The aim of this project is to develop a toolkit for visually analysing Ig-seq, enabling biologists to rapidly explore their data, generate novel hypotheses and make new discoveries. The priority will be to support whole Ab repertoire analytics and to characterize fundamental properties (repertoire diversity, Ab convergence within and between repertoires, and the dynamics of repertoire evolution) relevant to vaccine design and therapeutic Ab discovery. For example, two strategies are used to generate Ab diversity prior to screening for therapeutic Abs: animal immunization, and phage display. In both cases, the right ways to measure diversity, and to elicit it, are poorly understood. Here the toolkit can play a vital role, engendering a better understanding of animal repertoire evolution in response to challenge (ultimately leading to better immunization strategies), and helping to identify (and ultimately fill) gaps in existing Ab phage libraries.

The student on this project will engage in two complementary activities: tool development and immunology research. Toolkit development poses several challenges. To facilitate rich analyses, the toolkit will incorporate different modes of visual representations (e.g. networks, density plots) with multiple similarity metrics (e.g. genetic distance, CDR3 sequence identity) and provide essential operations for comparing repertoires.
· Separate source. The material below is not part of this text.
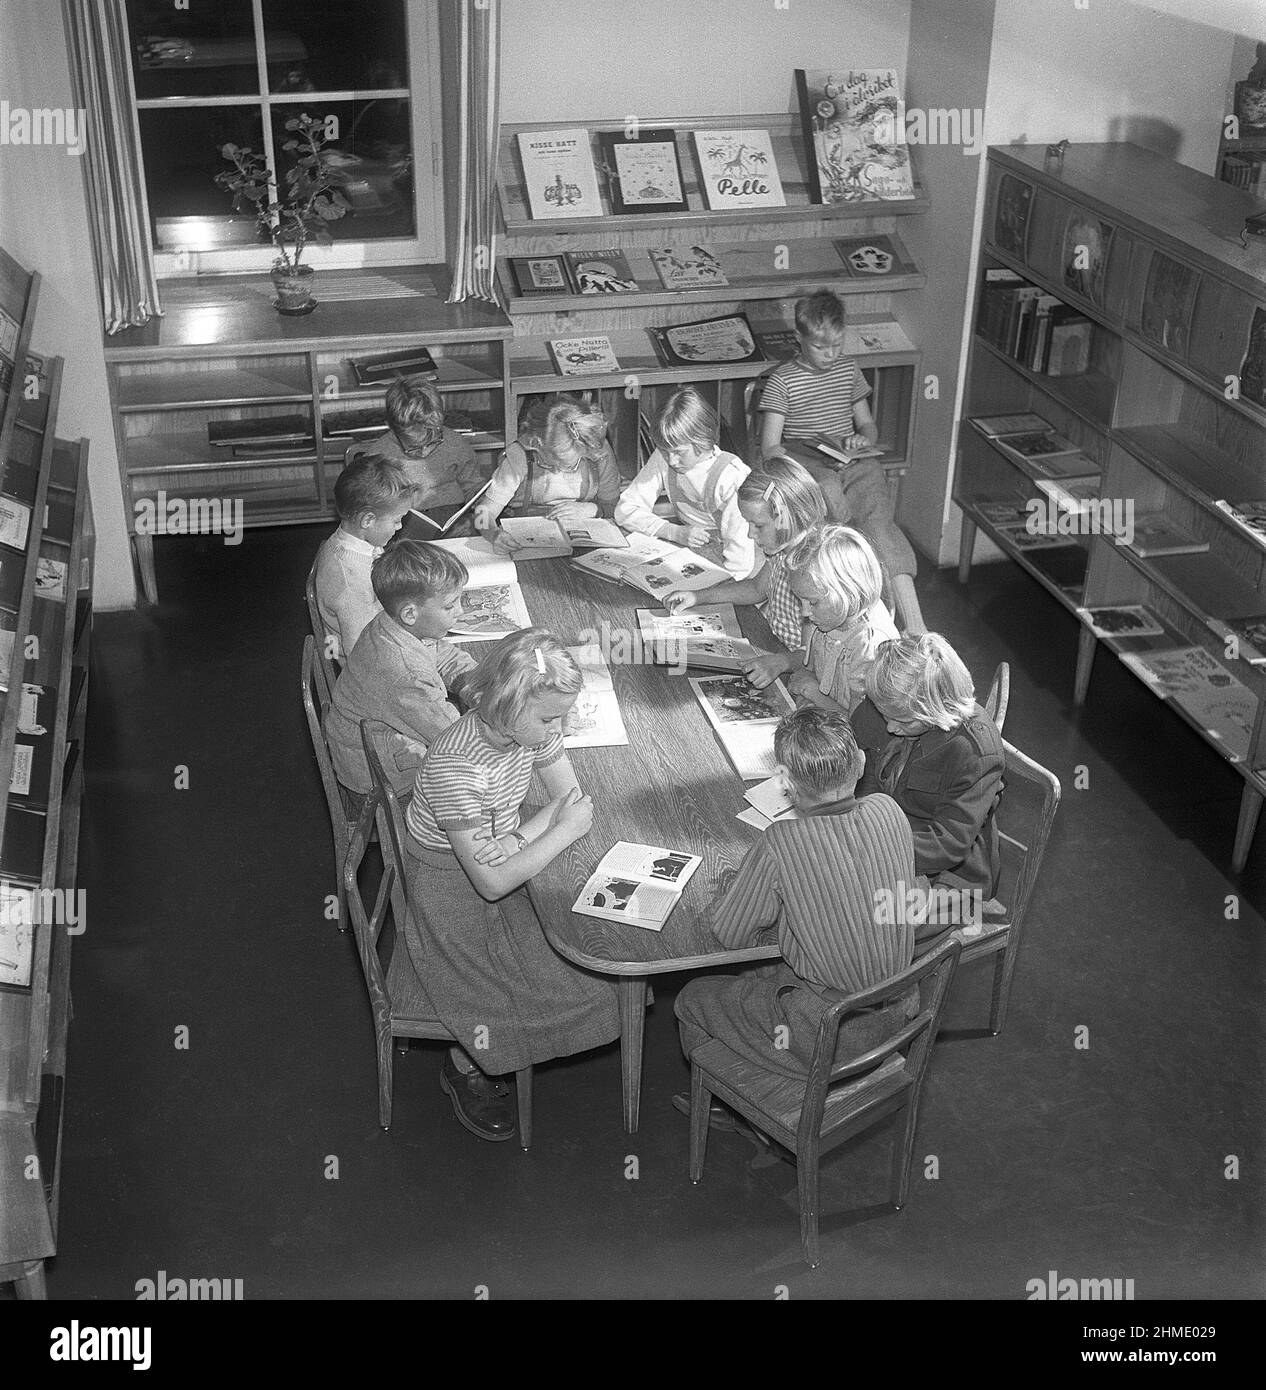 Niños de los 1950s. Interior de una biblioteca pública y una sala con estanterías en las paredes. Un grupo de niños está sentado en una mesa, todos leyendo un libro cada uno. SUECIA 1951 Kristoffersson ref BE25-12 Foto de stock
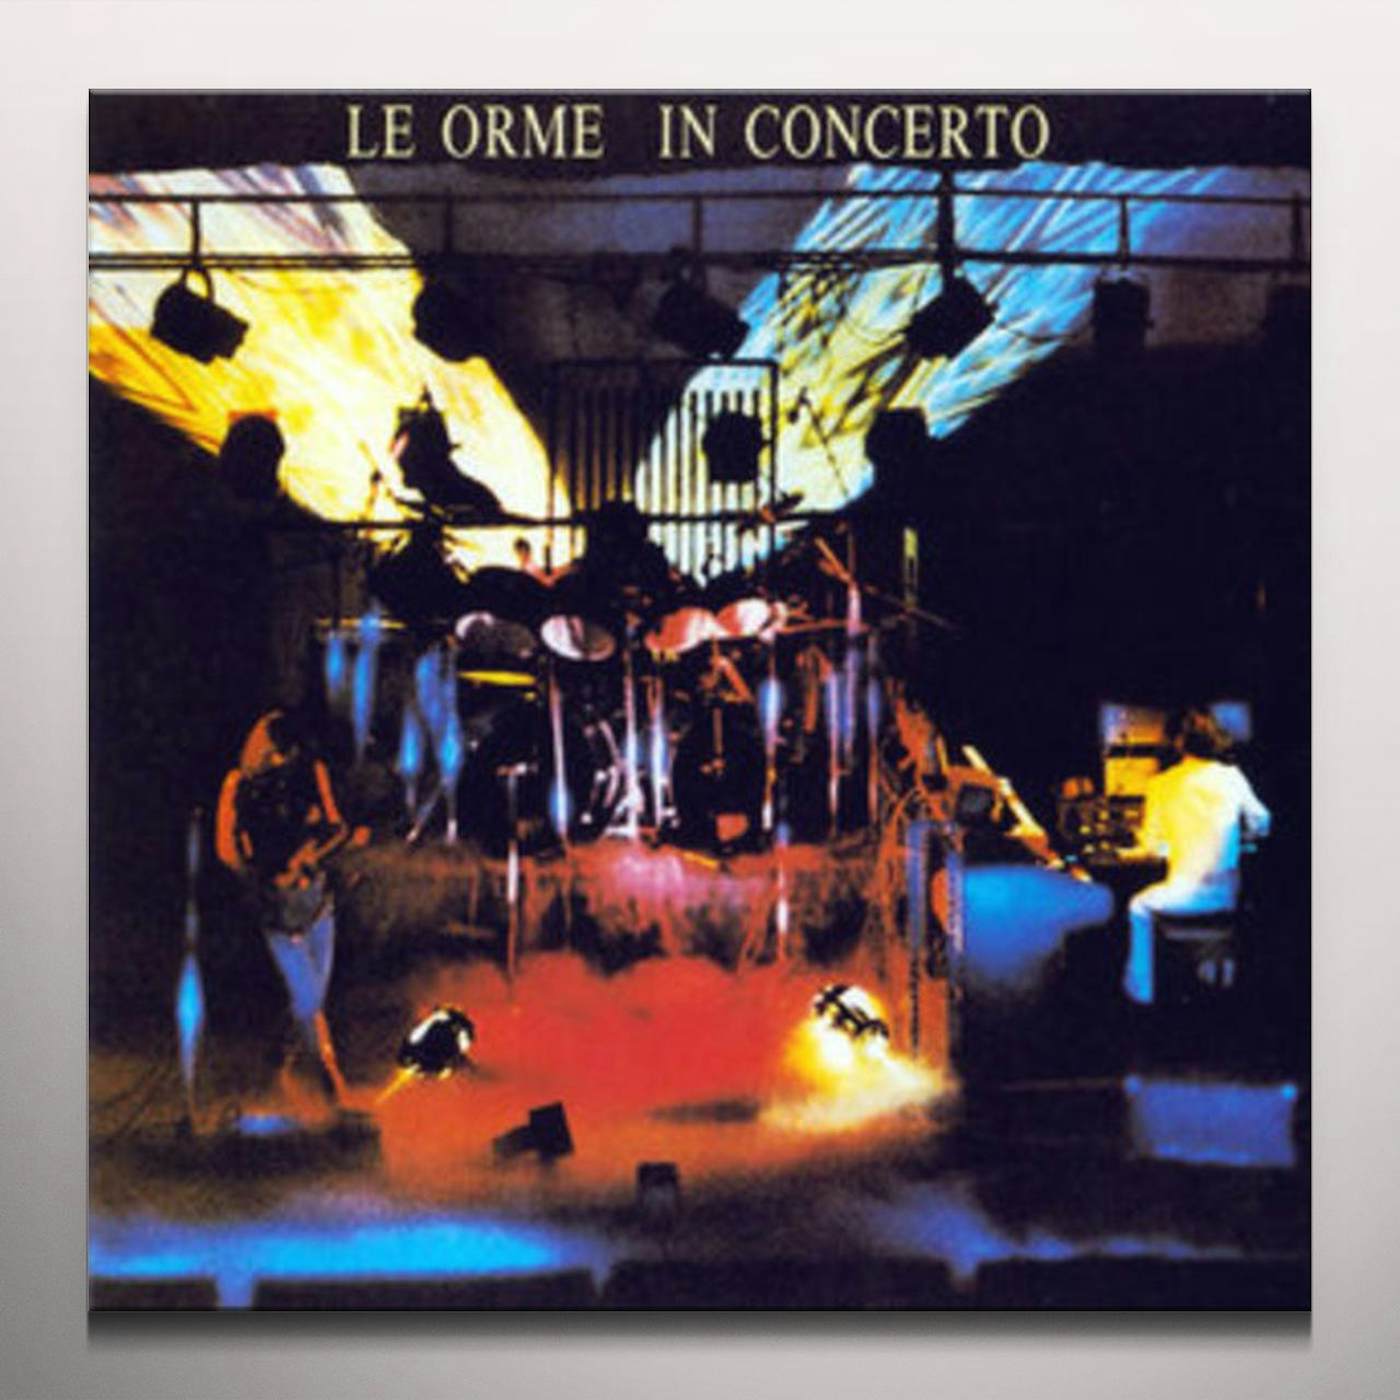 Le Orme In Concerto Vinyl Record

The latter is particularly challenging because each sample captures a small proportion of repertoire diversity, hence the number of shared sequences is a poor estimate of the true, in vivo overlap; and sample quality varies, but the optimal normalization strategy for addressing this is unclear. The toolkit will also need to handle large repertoire datasets of different types (e.g. paired vs. unpaired heavy/light chains) and in different formats (e.g. IMGT vs. Kabat numbering schemes).

The student will undertake immunology research with UCB from an early stage of the PhD, helping to design experiments that improve phage display library construction and contributing to the interpretation of experimental data from immunized animals. At Birkbeck the student will analyse Ab repertoires arising from an existing vaccine design collaboration, and undertake meta-analyses of public Ig-seq datasets, including cross-species analyses focusing on models of human immunity.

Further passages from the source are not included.